— Отольется ему твоя кровь...
Таня грустно улыбнулась и затихла. Тускло мерцала свечка. Шуршал в руках матери бинт. Под порывами ветра вздрагивала старая клеть. Где-то далеко лаяли собаки. А в центре села, словно призывая беду на свою бесшабашную голову, горланил чудом уцелевший петух.
— Мама, слышишь? Это светает! — вдруг встрепенулась Таня.
— Полежи. День еще не скоро, — откликнулась мать, но Таня заторопилась:
— Нет, мама, нет, — решительно возразила она. — Мне надо идти. Я еще могу успеть...
Она поцеловала мать, встала, сделала шаг к двери и, качнувшись, снова упала.
— Отдохни, и тебе станет лучше, — с дрожью в голосе повторила мать. — Отдохни. А потом я провожу тебя до самого леса.
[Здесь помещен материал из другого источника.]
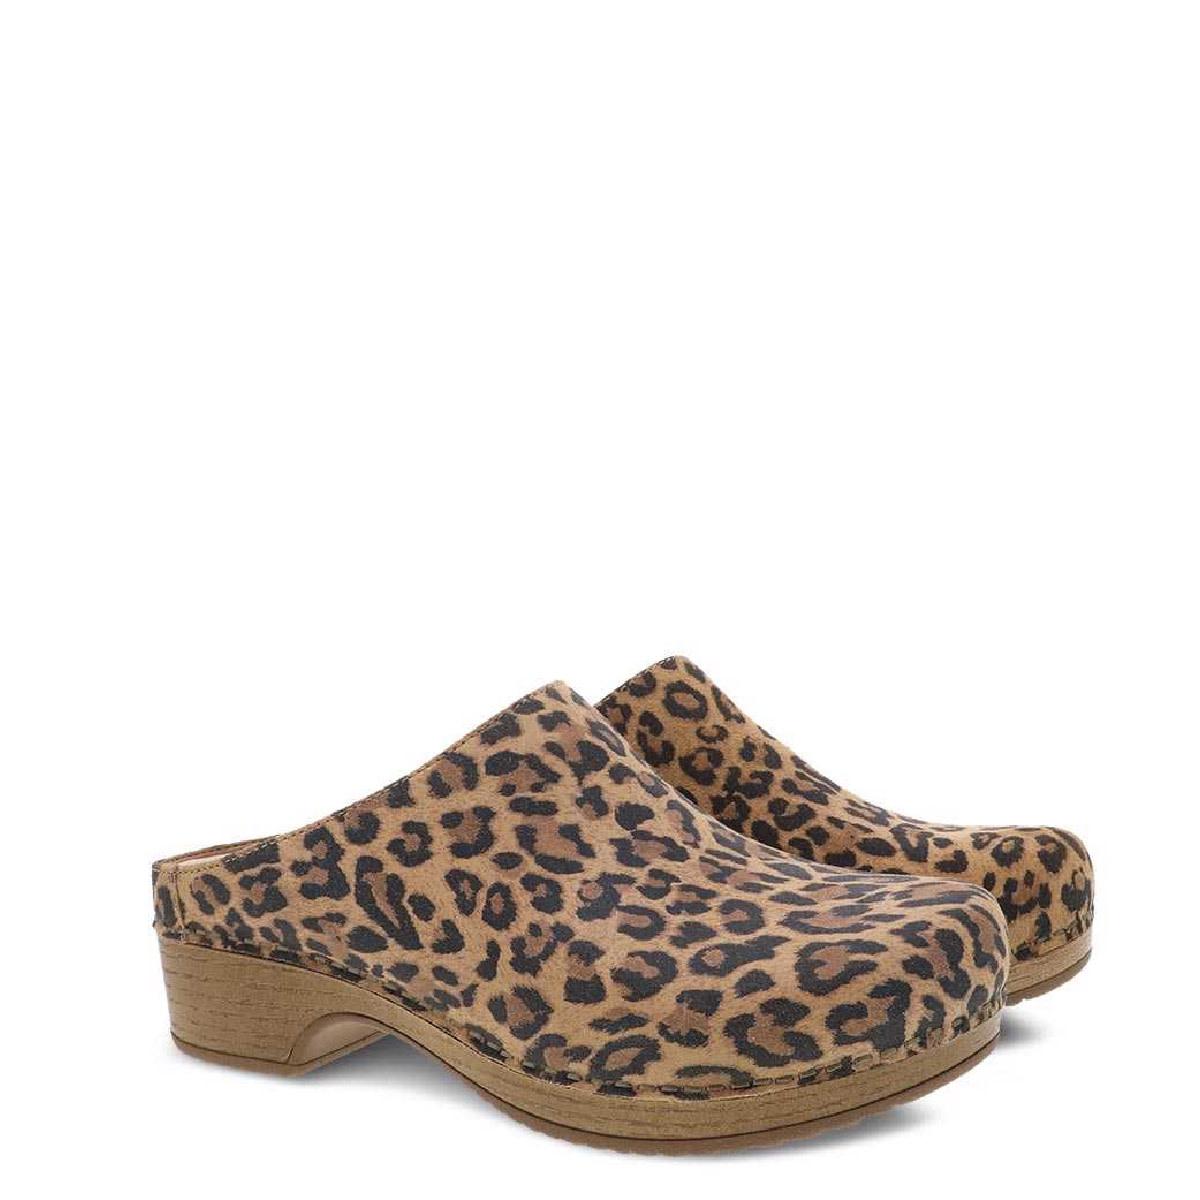 Dansko Dansko Brenda Leopard Suede

— Мама, я не выполнила приказ, — глотая слезы, прошептала Таня. — Завтра через наш мост снова пойдут на Москву немецкие танки.
— Ты должна была взорвать мост? — вздрогнув, спросила мать.
Таня кивнула головой и, посмотрев в глаза матери, торопливо зашептала:
— Мы успели мост заминировать... Подвели шнур... Вся наша группа отошла в лес, а я должна была шнур поджечь... И вот в этот момент часовой прострелил мне руки... Но шнура он, кажется, не заметил... Конец его выходит к Лысому камню...
— Хорошо, Таня, — промолчав, промолвила мать.
— Что хорошо, мама?
— Я знаю Лысый камень. А ты иди. До кустов я тебя доведу. Ты сможешь сейчас встать?
— Мама!
— Пора, Таня. Уже светает.
Алена помогла дочери встать, вывела в сад, оттуда — в заросшее лозой старое речище. Там они молча простились, и мать заторопилась назад. В хате отыскала спички, взяла пустое ведро и через огороды пошла к реке.
Брезжил рассвет. На чистом синем небе ветер вздувал последние звезды. Тускло и холодно отсвечивала свинцово-серая гладь реки. А над рекой, изогнувшись, словно огромный зверь перед прыжком, висел мост. И где-то за этим мостом, в темных полях, рычали моторы.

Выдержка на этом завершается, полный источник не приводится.